NEW YORK (Oct. 4)
Jews throughout the world assembled tonight in synagogues to greet the New Year of 5728 and to express in communal prayer their hopes for world peace, for the security of an Israel which once again passed through the trial of war last June and for the security of Jews in the Soviet Union and other lands where persecution continued. Jews in uniform offered prayers on battleships, in fox holes and on cease-fire lines.
The first Rosh Hashana service anywhere in the world took place Tuesday at 5 a.m., New York Time, for a group of Jewish airmen and sailors on the island of Guam. Hour by hour, as the sun set in each time zone, other High Holy Day services either were held or scheduled for Jewish servicemen in Vietnam and at more than 600 other overseas and domestic installations, according to Rabbi Selwyn D. Ruslander, chairman of the Commission on Jewish Chaplaincy of the Jewish Welfare Board, which made the arrangements for the services. He said the last large military service would take place in Hawaii and the very last one will be attended by two men stationed at Wake Island.
The JWB arranged similar facilities for services for Peace Corps volunteers throughout the world. The JWB’s Women’s Organizations’ Services, together with B’nai B’rith and B’nai B’rith Women, sent miniature replicas of arks, complete with Torah Scrolls, to military installations where there are no permanent chapels. Among troops using the replicas will be soldiers on front line duty in Vietnam, who cannot attend regular services, and patients in Veterans Administration hospitals who are bed-ridden.
SPECIAL ARRANGEMENTS MADE FOR JEWS IN HOSPITALS AND INSTITUTIONS
Many thousands of Jews in hospitals, homes for the aged, child care residences and community centers throughout the United States also took part in services.
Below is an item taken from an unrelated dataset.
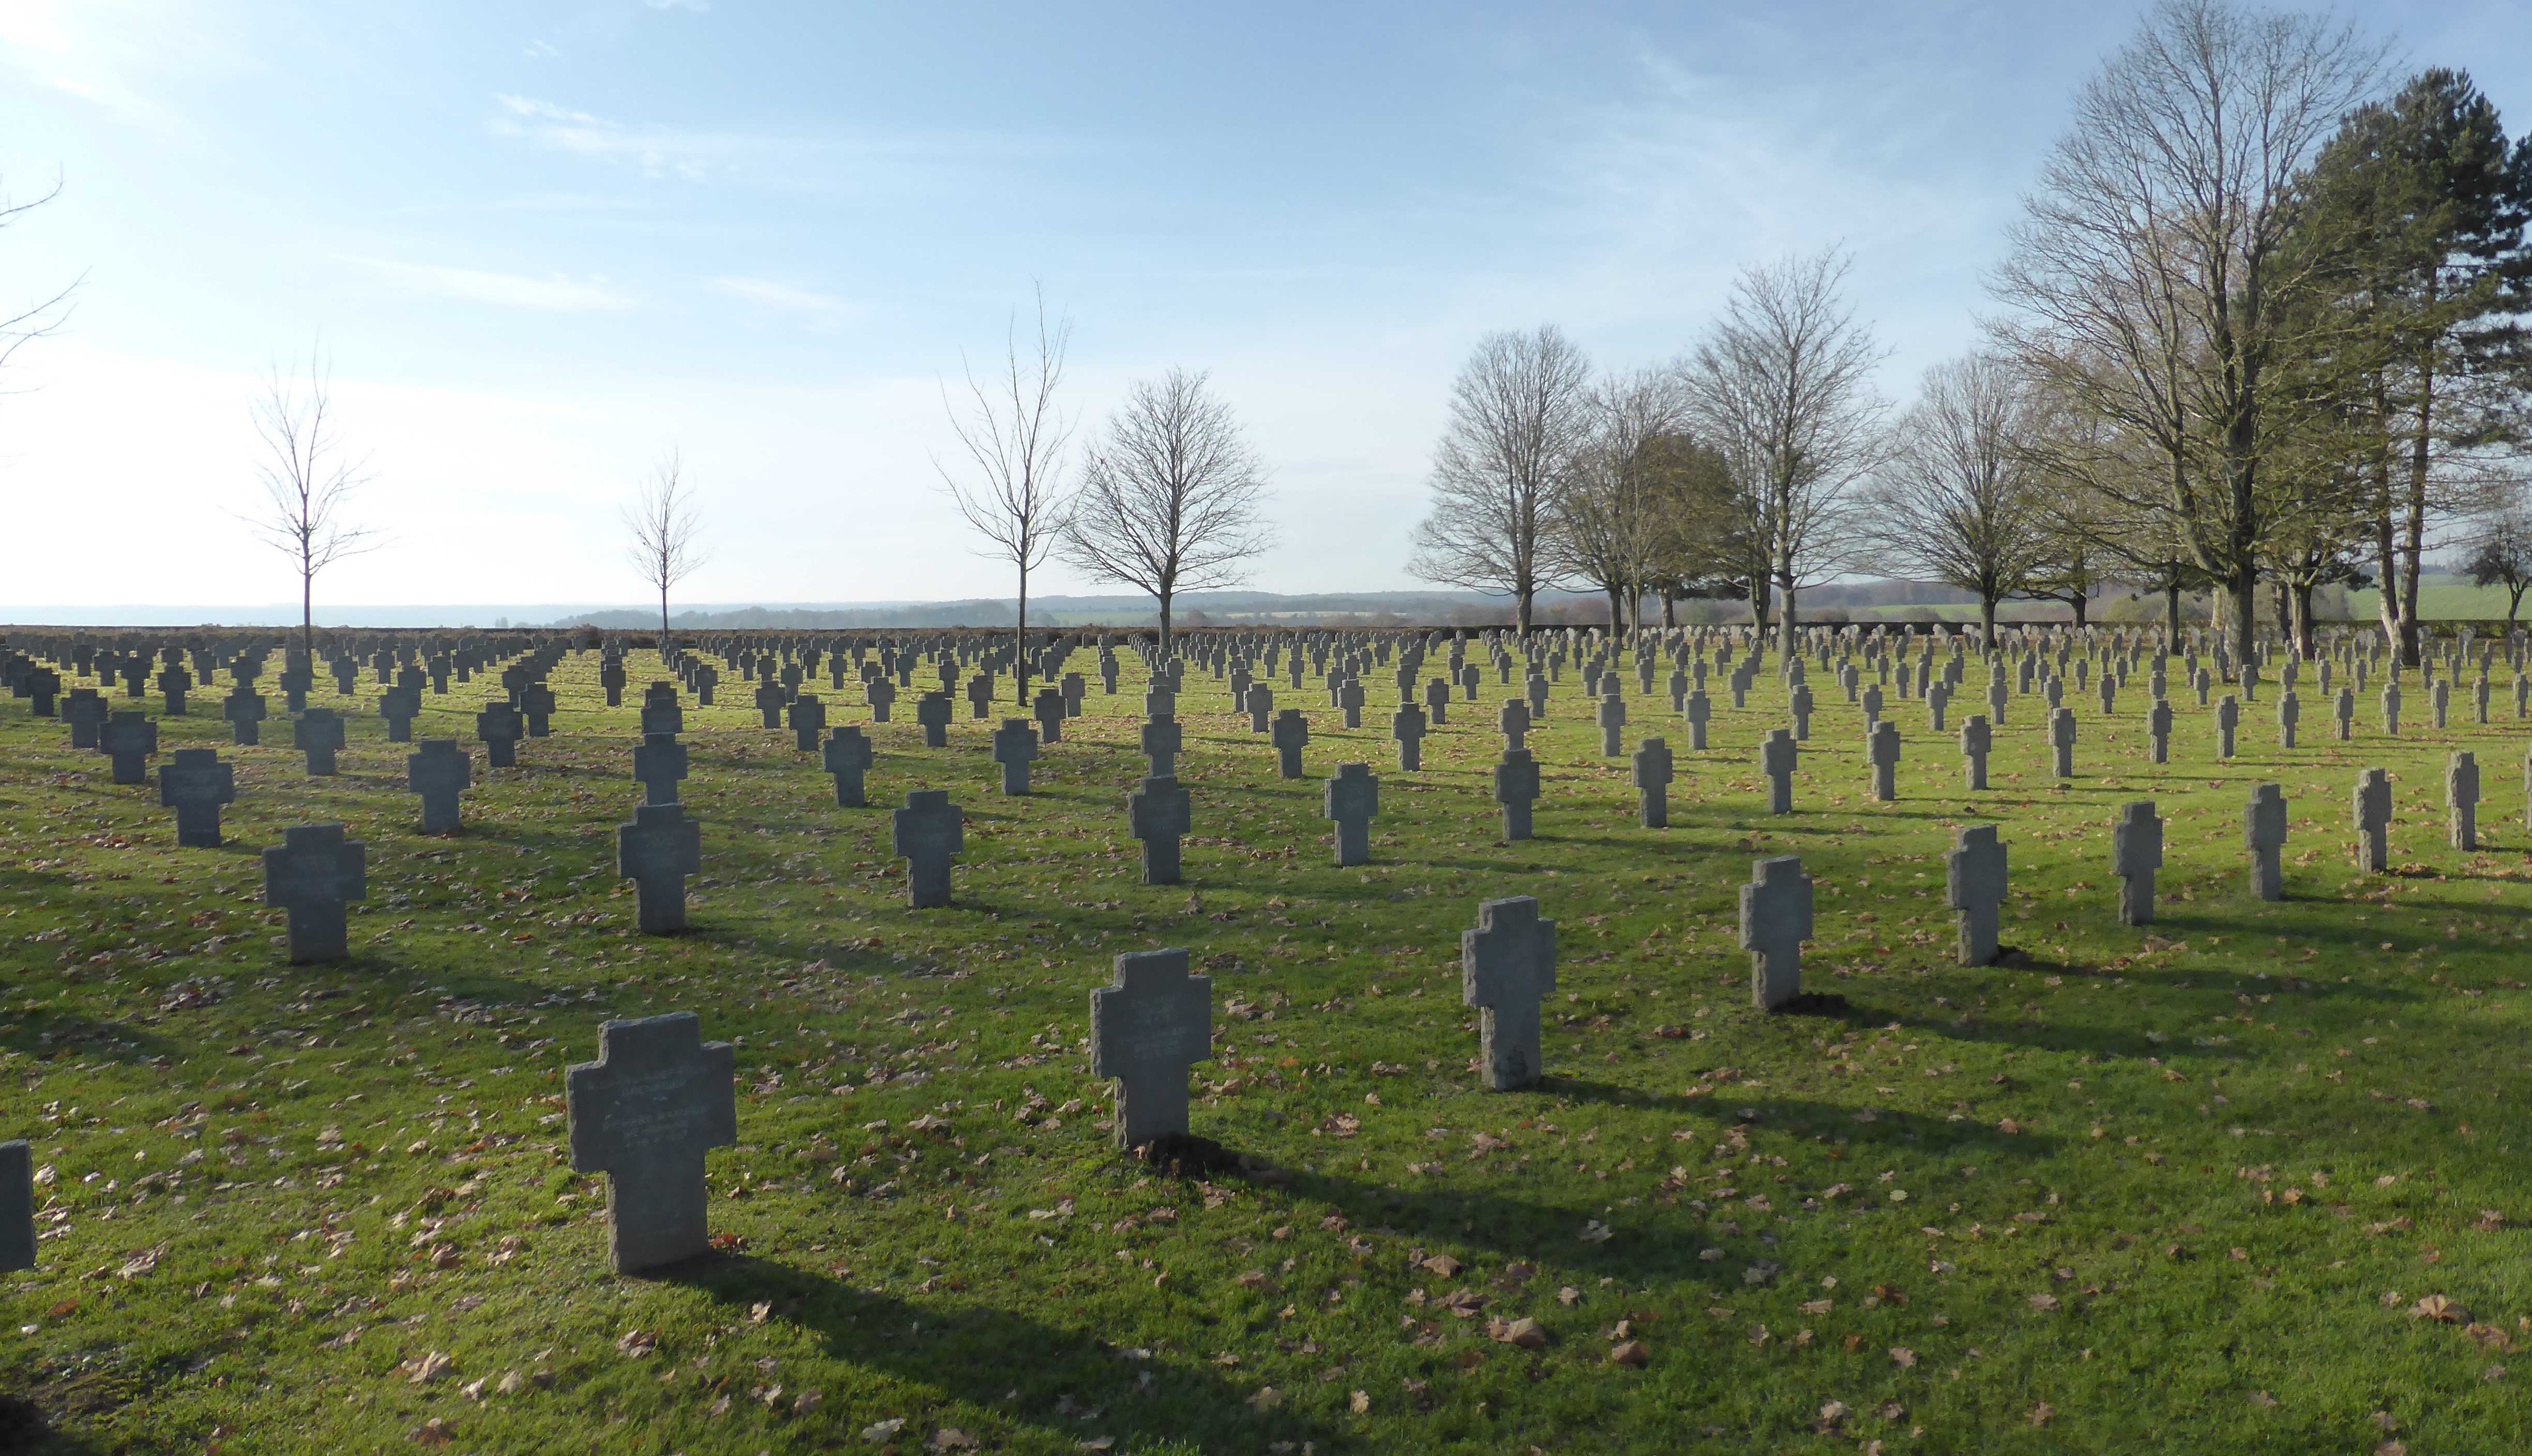 The German military graveyard in Cerny-en-Laonnois

In Metropolitan New York, arrangements were made by the Federation of Jewish Philanthropies for patients in the many affiliated institutions of the Federation. Many Federation institutions have on-premise synagogues. In centers, Y’s and family and child care agencies, auditoriums and special rooms were converted into chapels for Rosh Hashana.
The New York Society for the Deaf held services in its headquarters in the Emanuel Midtown YM and YWHA in Manhattan. The services were conducted orally for those who could read lines, with a simultaneous translation into sign language. A choir of four women interpreted in sign language the musical portions of the service. The Hebrew Association of the Deaf in Chicago again provided services in Temple Beth El in that city.
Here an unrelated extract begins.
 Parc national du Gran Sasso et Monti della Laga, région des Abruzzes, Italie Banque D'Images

Blind Jews in the United States, Israel and other countries were again provided with Braille editions of prayer books and long-playing recordings of New Year services by the Jewish Braille Institute.
Some 900 Orthodox, Conservative and Reform rabbis throughout the United States signed a “Call to American Jewry” which stressed “the insoluble link between American Jewry and Israel.”
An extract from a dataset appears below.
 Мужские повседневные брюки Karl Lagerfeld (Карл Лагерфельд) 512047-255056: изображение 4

An appeal to worshipers in the Greater New York area to remember in their New Year observances the needs of Jews throughout the world was made by Edward M.M. Warburg, president of the United Jewish Appeal of Greater New York, who stressed the problems of half a million newcomers to Israel and thousands of Jews fleeing from Arab countries who are dependent on programs financed by the UJA.
Rabbi Edward T. Sandrow, president of the New York Board of Rabbis, asked the 900 members of the board to offer special prayers for peace during the High Holy Days, peace in Israel, the entire Middle East and in Viet Nam.
In Israel, three services were held in East Jerusalem for the first time since the 1948 War of Independence. One service was conducted at the Western Wall where thousands of Israeli Jews and High Holy Day visitors congregated. Another service, conducted by followers of the Lubavichter Rebbe of Brooklyn, was held at the former Habad Synagogue, The third was held at Ayei Olam Yeshiva. The synagogue and the yeshiva were leading places of worship before the 1948 war. They were desecrated in the intervening years by the Jordanians, Jews coming to the Western Wall found that workers had completed excavations of two additional layers of walls and stones to a depth of three yards.